Raw data ->
==*==

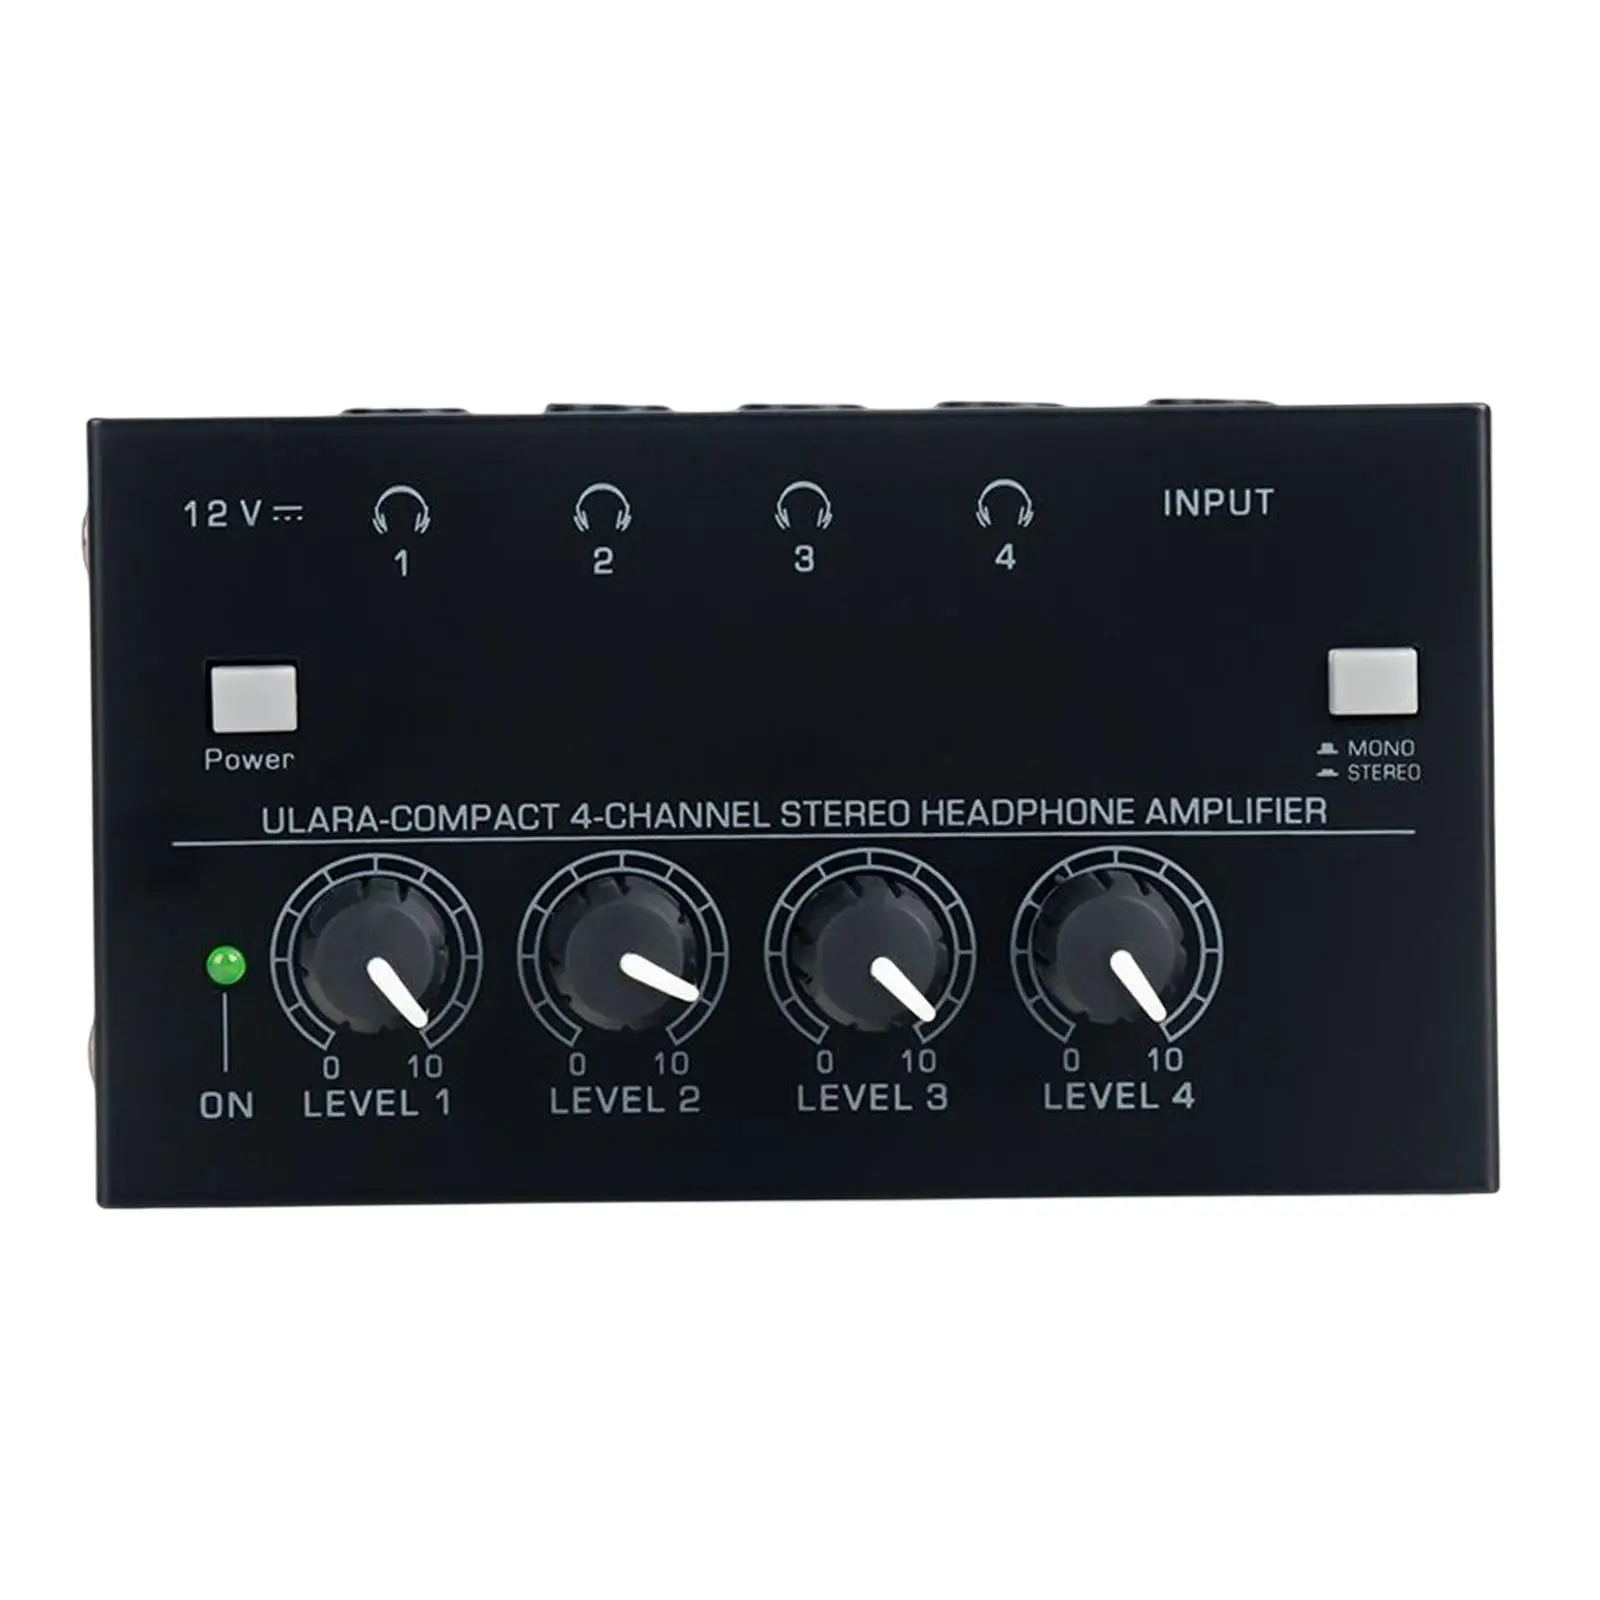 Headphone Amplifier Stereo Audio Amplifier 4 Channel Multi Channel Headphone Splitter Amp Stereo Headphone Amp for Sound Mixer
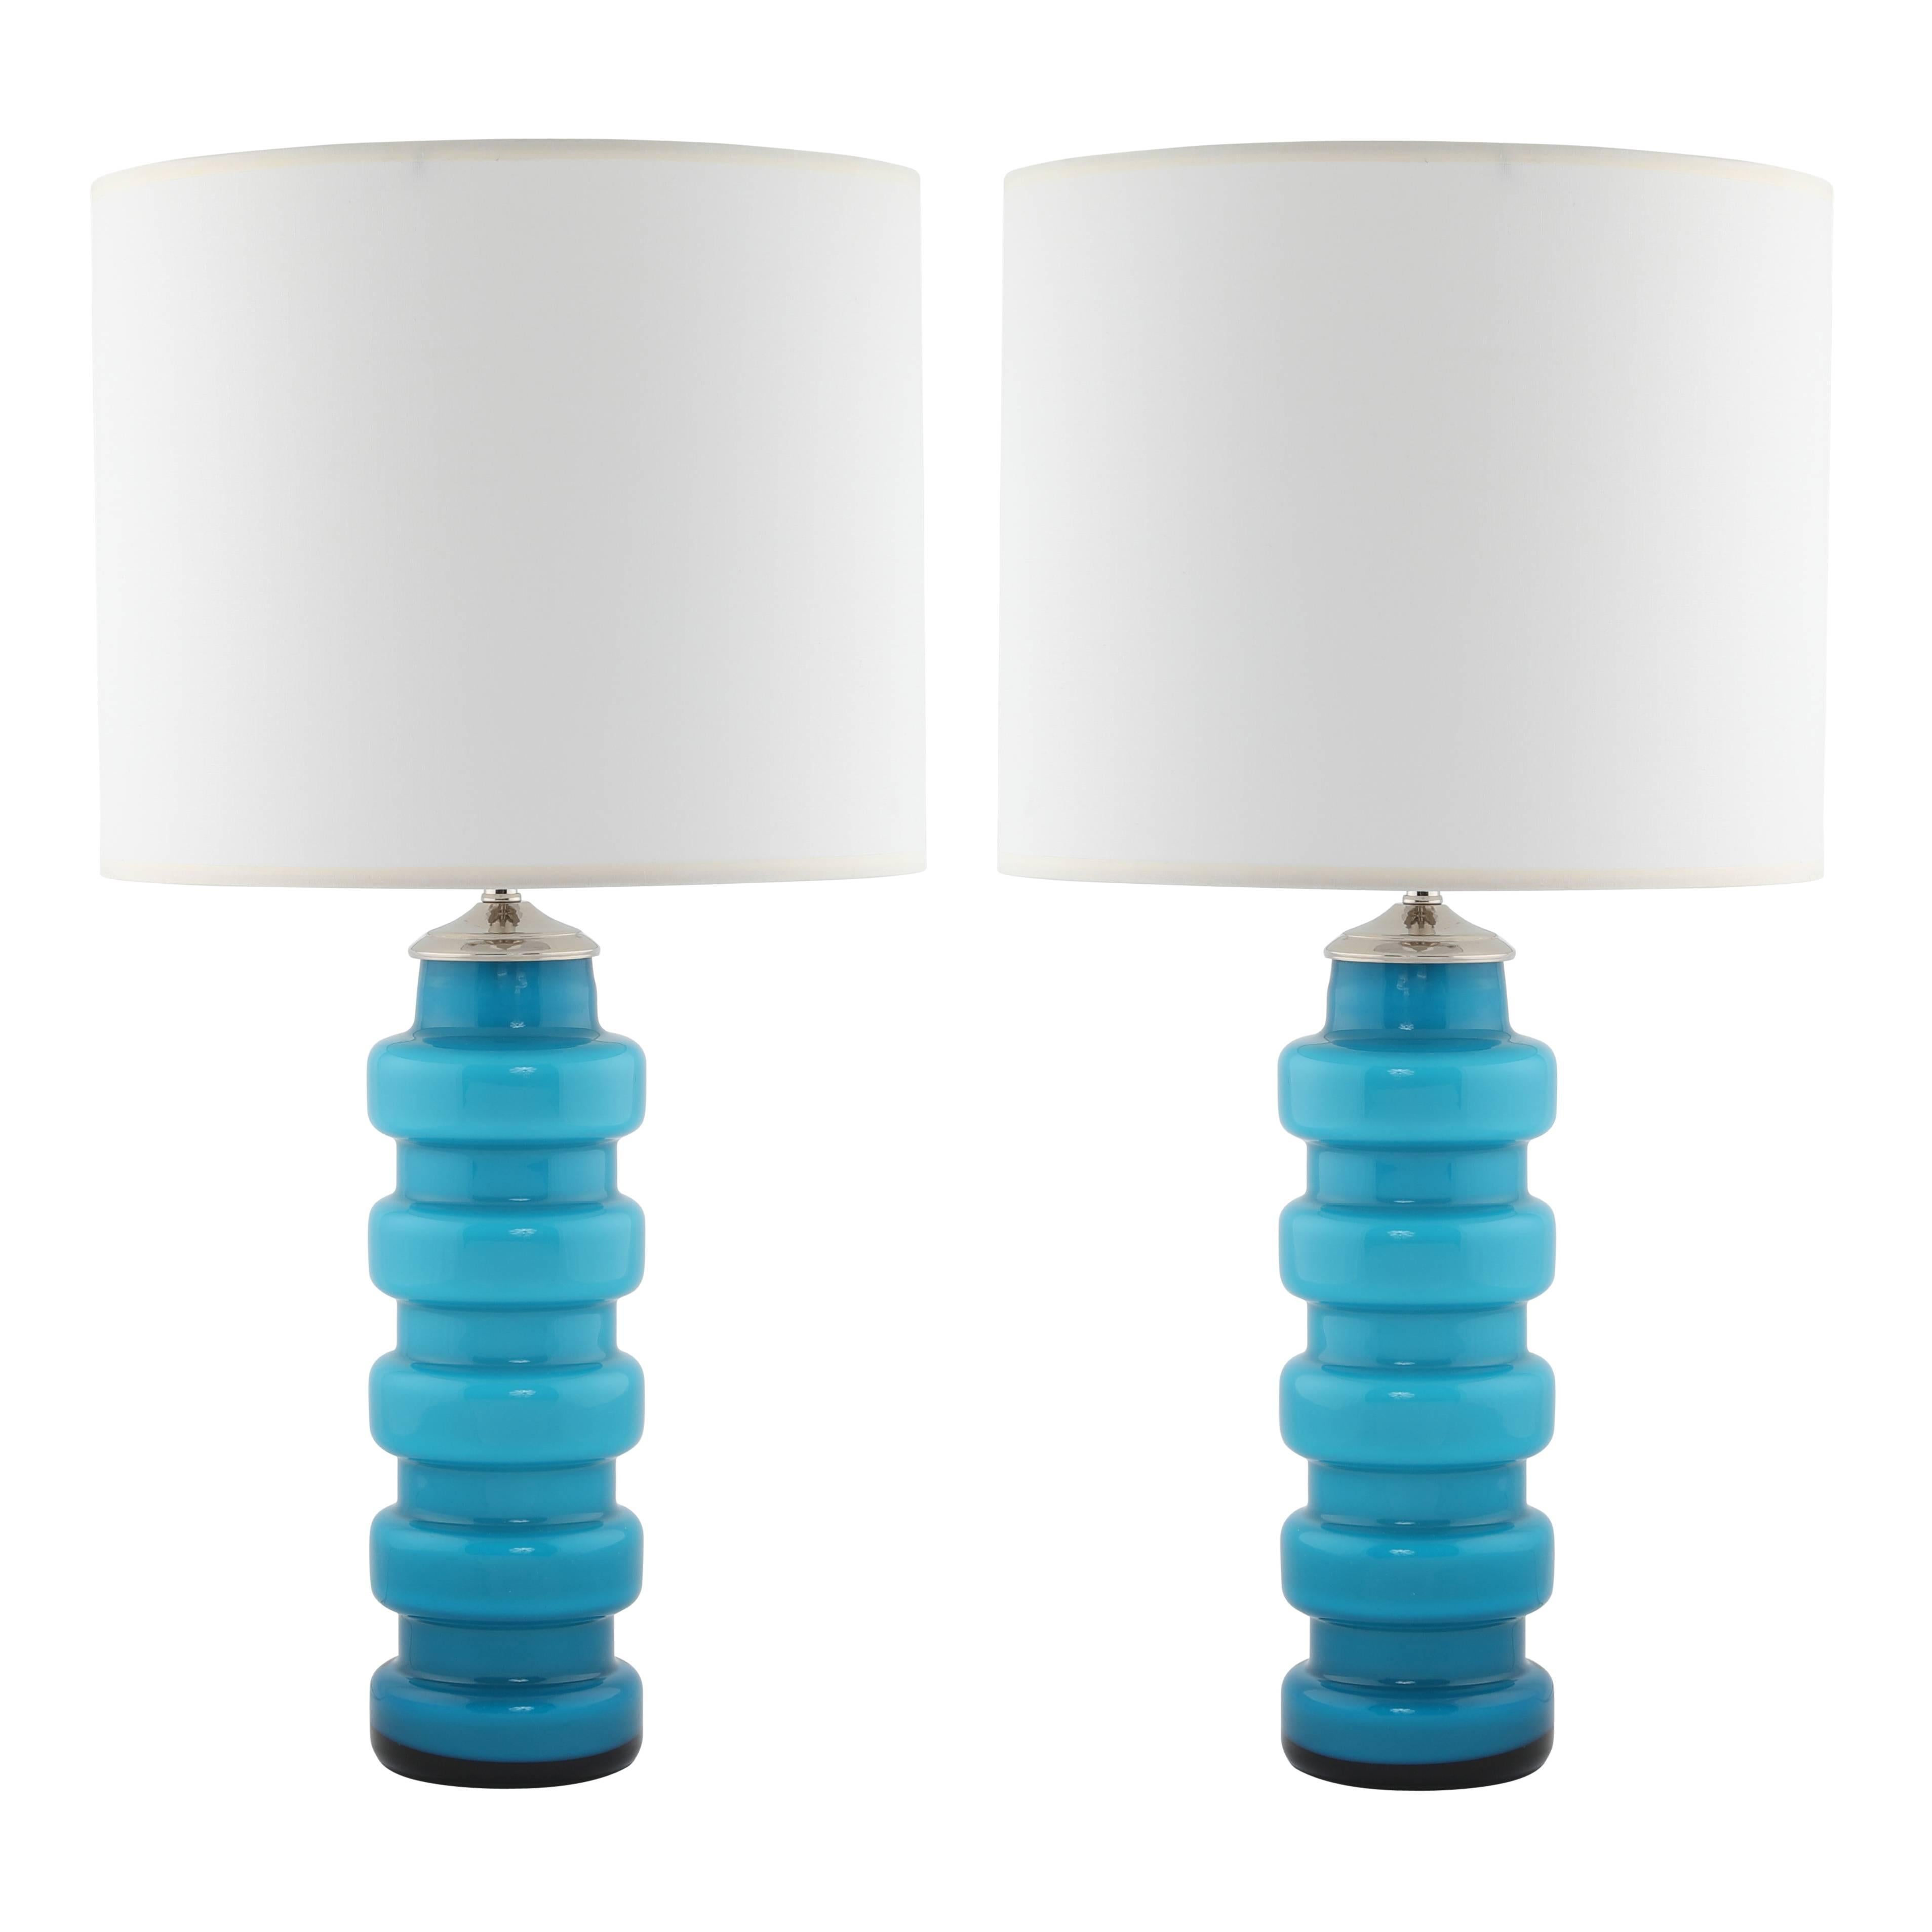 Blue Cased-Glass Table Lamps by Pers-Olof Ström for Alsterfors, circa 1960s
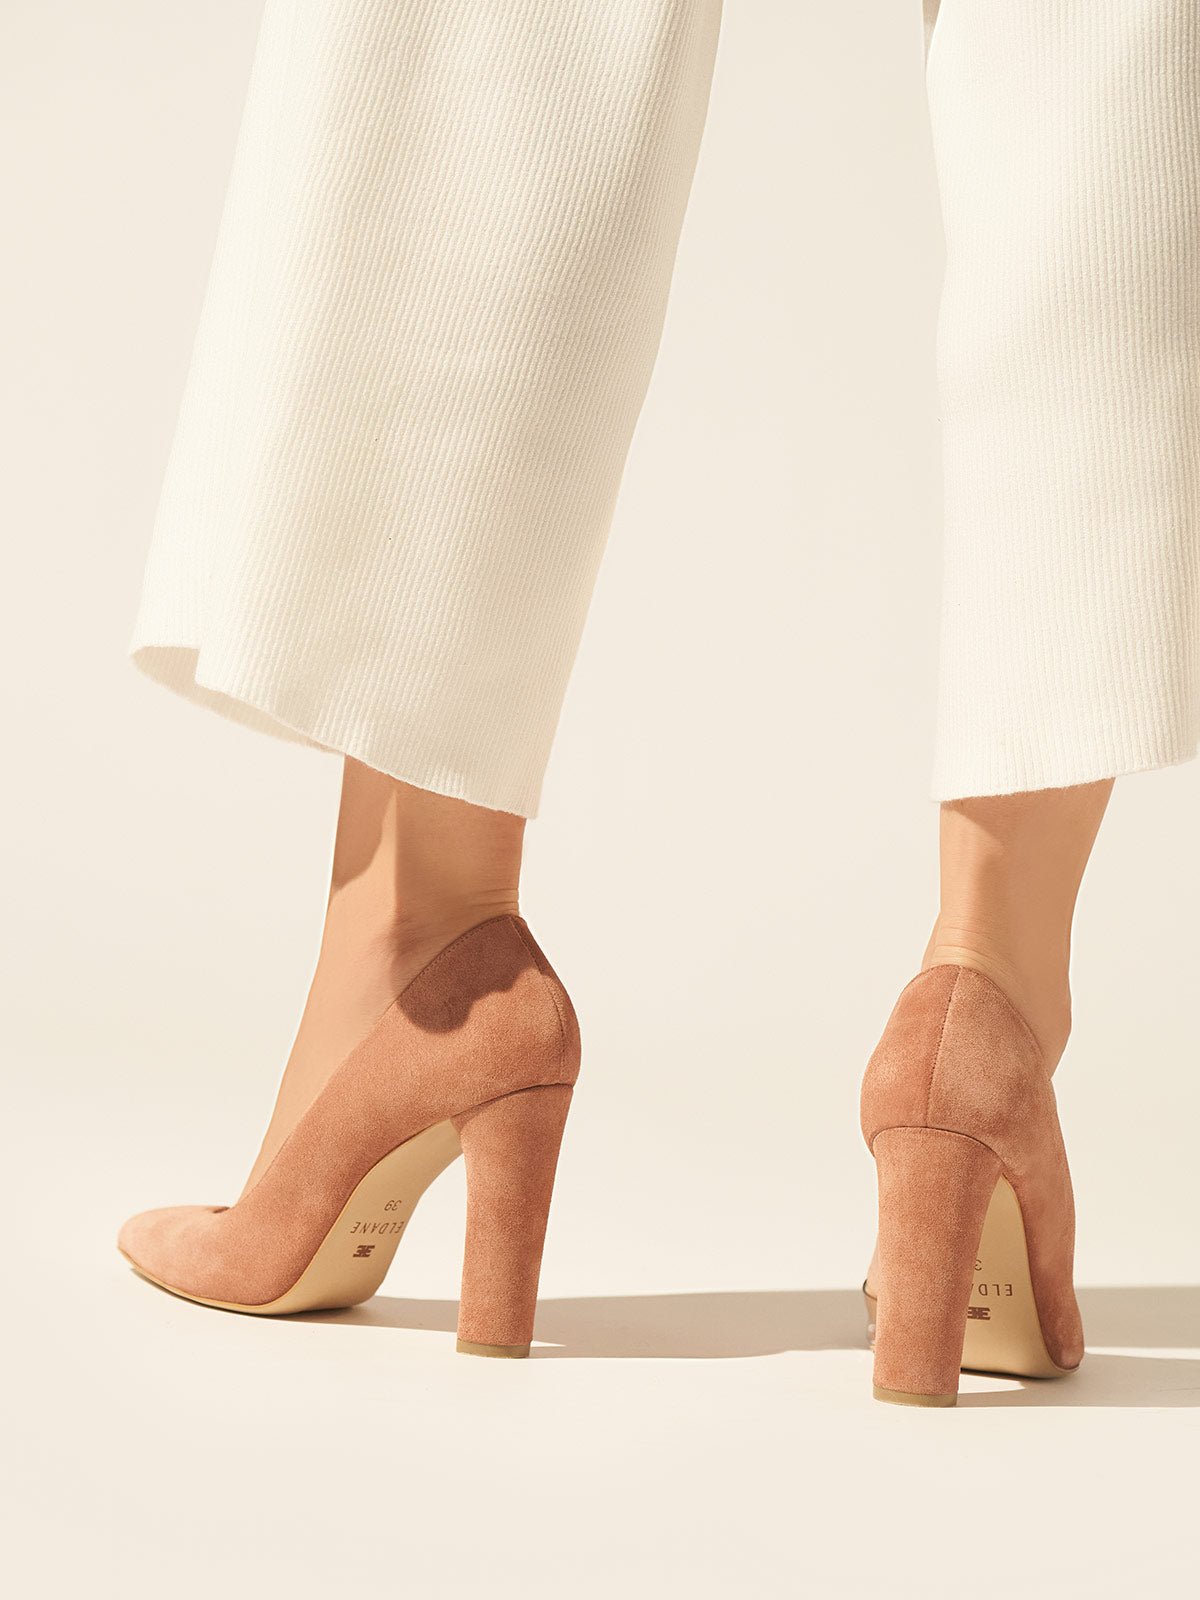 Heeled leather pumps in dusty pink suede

==*==

Exercise description -> Skip the pictures, then return the rest of the data exactly.

Answer box ->
 Headphone Amplifier Stereo Audio Amplifier 4 Channel Multi Channel Headphone Splitter Amp Stereo Headphone Amp for Sound Mixer
 Blue Cased-Glass Table Lamps by Pers-Olof Ström for Alsterfors, circa 1960s
 Heeled leather pumps in dusty pink suede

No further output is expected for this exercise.